La ville fait valoir que le contribuable doit montrer spécifiquement quelles recettes sont attribuables à d'autres États. Ce serait le cas si le contribuable avait spécifiquement attribué des recettes à un lieu d'activité précis en vertu des règles relatives au lieu d'établissement. Mais lorsqu'il est impossible ou peu pratique pour une entreprise d'attribuer spécifiquement des recettes aux fins de la localisation, il sera également impossible ou peu pratique d'identifier des recettes spécifiques aux fins de la déduction. Exiger l'identification spécifique des recettes pour la déduction lorsque la répartition des salaires a été utilisée à des fins de localisation reviendrait à refuser la déduction accordée par l'Assemblée générale.
Une entreprise qui a eu recours à la répartition aux fins de l'établissement doit démontrer que de telles recettes existent, même si elles ne peuvent pas être spécifiquement identifiées ou facilement quantifiées. Par exemple, si des employés de l'établissement stable de Virginia se rendent chez des clients situés dans d'autres États, il est clair que certaines recettes gagnées par l'établissement stable local (ou qui lui ont été attribuées par la répartition de la masse salariale) peuvent donner droit à la déduction. Les appels téléphoniques ou les contacts Internet entre les employés d'un établissement stable en Virginia et les clients situés dans d'autres États peuvent également être suffisants pour bénéficier de la déduction.
Le lien entre la déduction BPOL et l'impôt sur le revenu se termine par le dépôt d'une déclaration d'impôt sur le revenu dans l'autre État. Il n'est pas nécessaire qu'une entreprise démontre que les revenus générés par l'établissement stable de Virginia ou par l'une de ses opérations sont inclus dans les revenus imposables figurant dans la déclaration déposée auprès d'un autre État, ou qu'ils ont entraîné l'assujettissement de la société à l'impôt dans un autre État.

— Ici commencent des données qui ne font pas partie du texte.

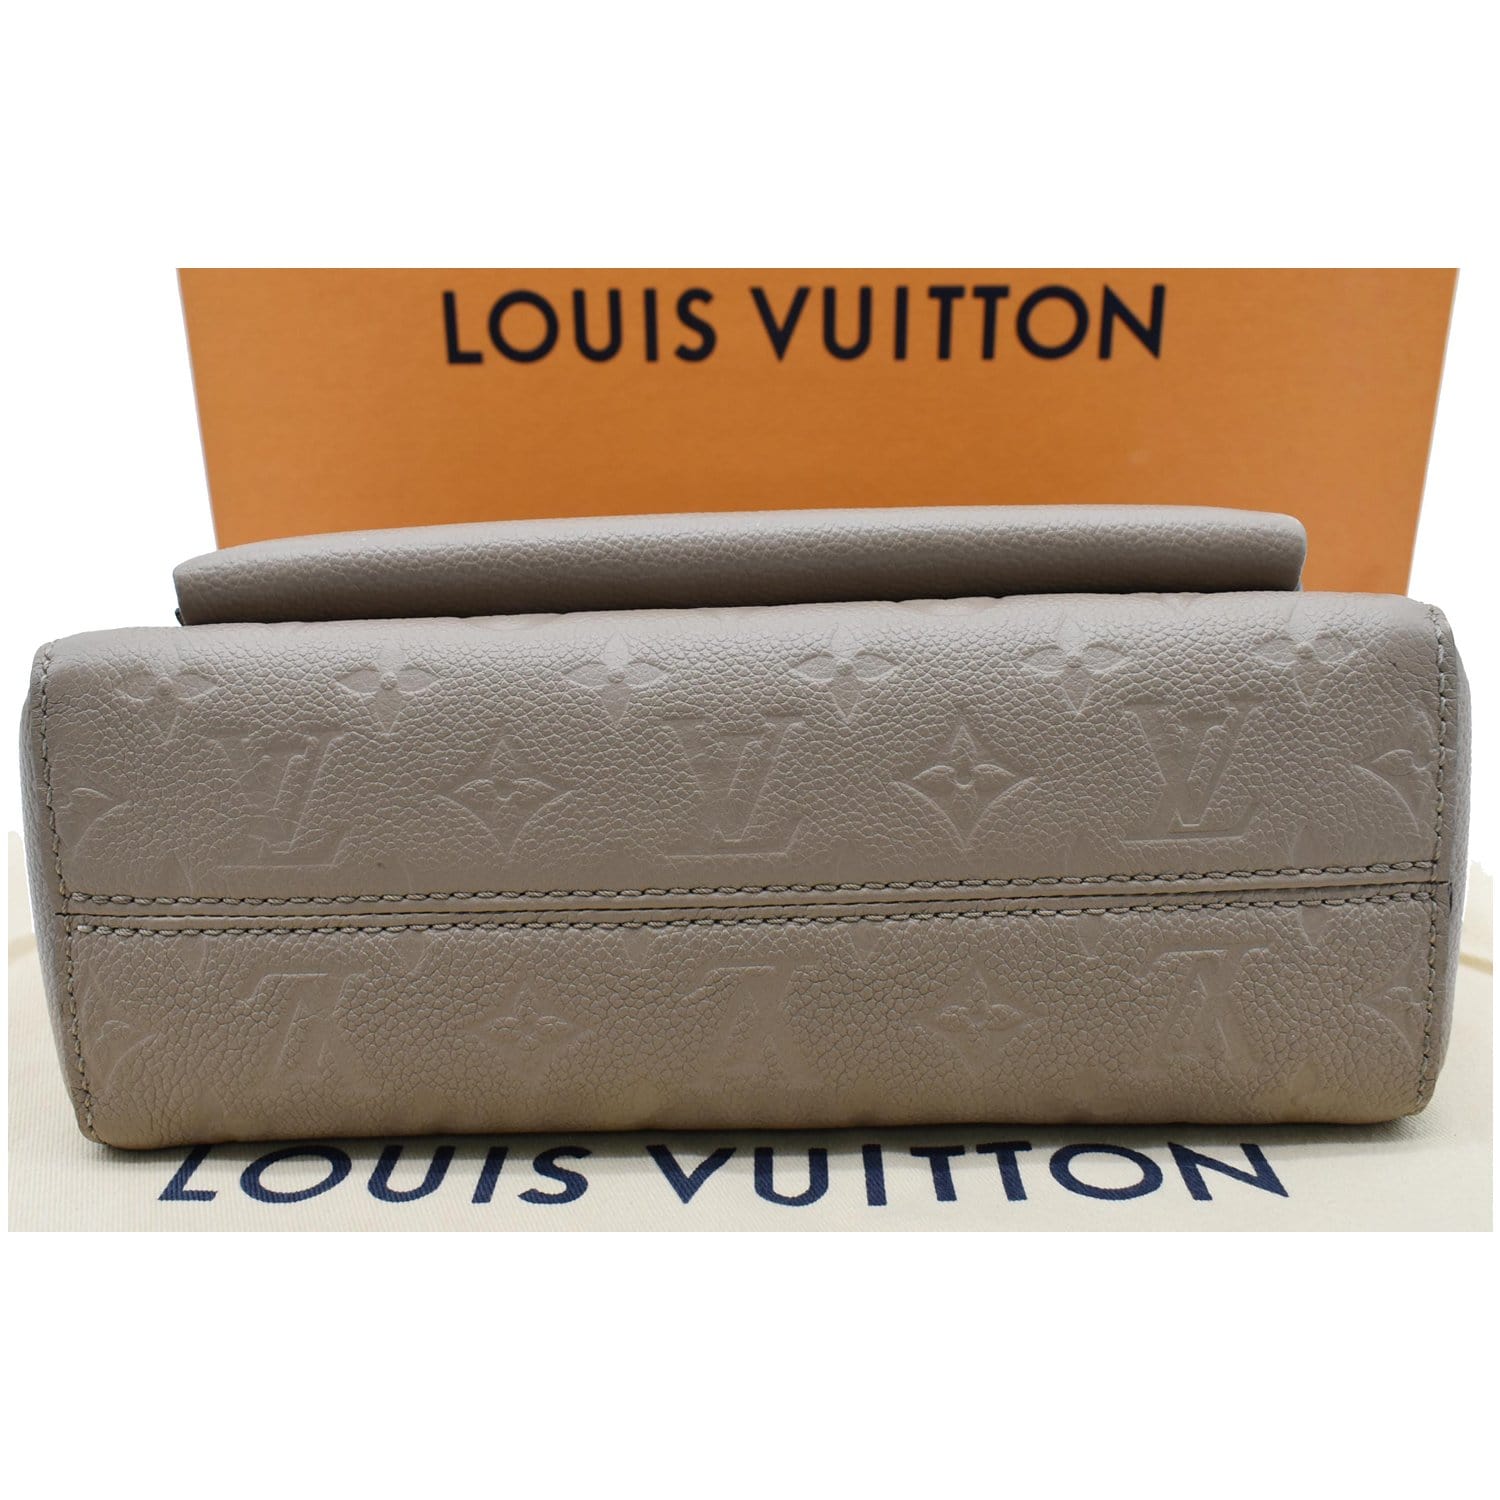 Louis Vuitton - Vavin PM - Taupe Empreinte - GHW - Pre Loved

Le ministère ne peut identifier qu'une seule situation dans laquelle une déduction pourrait être autorisée sans tenir compte du fait qu'un établissement déterminé participe ou non à des activités interétatiques. Une telle situation se produit lorsqu'une entreprise perçoit des recettes brutes provenant d'activités exercées dans des États dans lesquels elle n'a pas de lieu d'activité défini ni de masse salariale, mais qu'elle a déclaré et payé l'impôt sur le revenu dans ces États. Dans ce cas, l'établissement stable de Virginie bénéficiera de la déduction dans la mesure où la répartition des salaires attribue ces recettes à l'établissement stable de Virginie. Lorsque les seules recettes provenant d'autres États sont celles d'États dans lesquels il n'y a pas d'établissement stable (et où l'impôt sur le revenu a été payé), ces recettes peuvent être déduites avant la répartition.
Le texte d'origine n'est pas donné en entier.